And I had to laugh. It wasn’t me making that awful face, I said, it was you.
Actually, I made those goldfish up, that’s what stories are for. But this isn’t made up: What’s-his-name had to crawl through a gap in the hedge with his pistol over his shoulder, and he got caught. We shouted at him to cut the leather strap but he didn’t hear us, he just stood there in the line of fire and shit himself.
Whereas What’s-his-name, on the other hand—oh, a different What’s-his-name of course—stood astride our ditch and emptied one magazine after another—he was completely berserk.
And me? Oh, I sat gnawing on my fingernails, observing everything and trying to keep my thoughts from running off to the insane asylum. Do you suppose they’re already dropping bombs BACK THERE? I wondered—oh god, goddamn don’t let them die, let them see me 1 more time—WHAT’S THE USE OF HAVING A KID AND THEN DYING BEFORE YOU EVER GET TO SEE IT?

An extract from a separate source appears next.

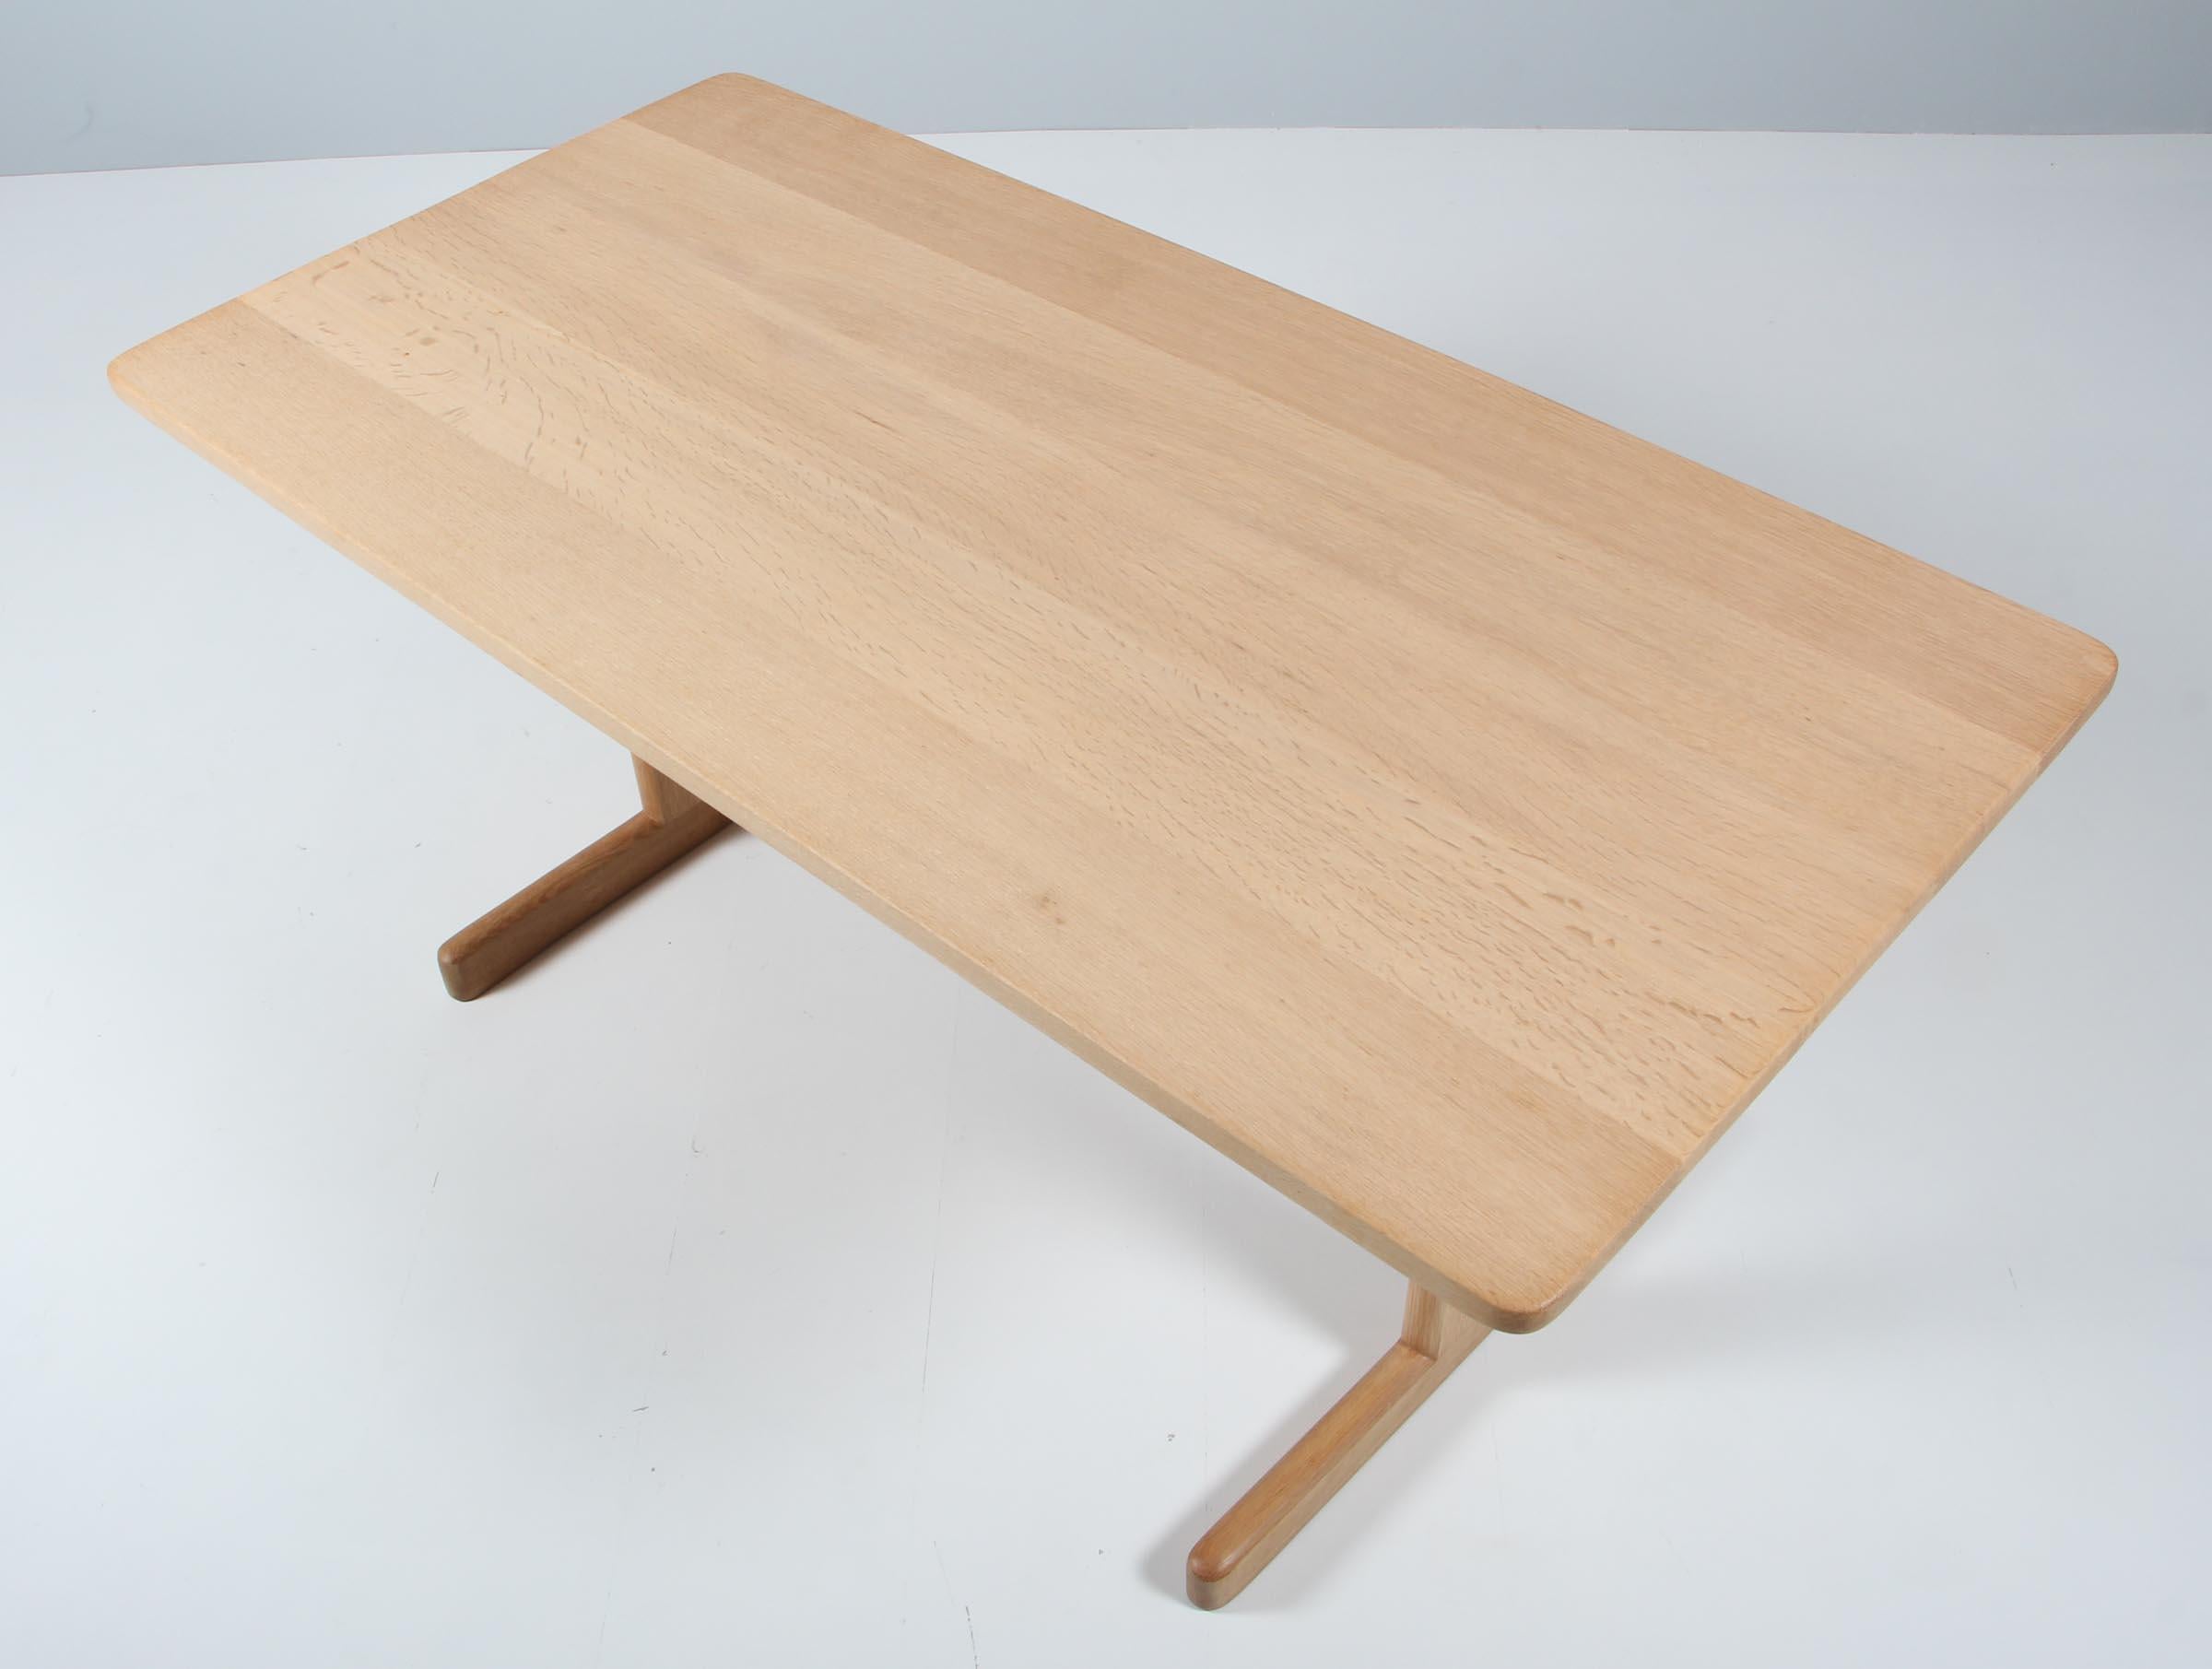 Børge Mogensen coffee table in solid oak.

Model 5267, made by Fredericia Furniture.

Prosper tells a story: a guy had one eye blown out and when he was taken to the military doctor’s shelter, the doctor was just getting ready to leave—we had to drive him back into the shelter at bayonet-point to make him treat that eye first.
By the roadside: two stretcher-bearers with arms spread wide and an overturned stretcher with its 4 arms spread wide and its dying occupant lying next to it, BOMBED A SECOND TIME.
And two soldiers who’d made a run for it on the Albert Canal were picked up by gendarmes who’d also run for it and were brought before a court-martial on a church square chaired by a general who shouted the whole time and wore slippers—and suddenly the German planes were there and the general leaped into a car in his slippers and drove off shouting THEY WOULD BE COURT-MARTIALED LATER.
And speaking of the general, my wife told me a while later that a whole bunch of those old men with red bands round their caps had driven past our house, that they were all too worn out to fight anymore but had big beautiful dogs with them and young girls of around sixteen or so.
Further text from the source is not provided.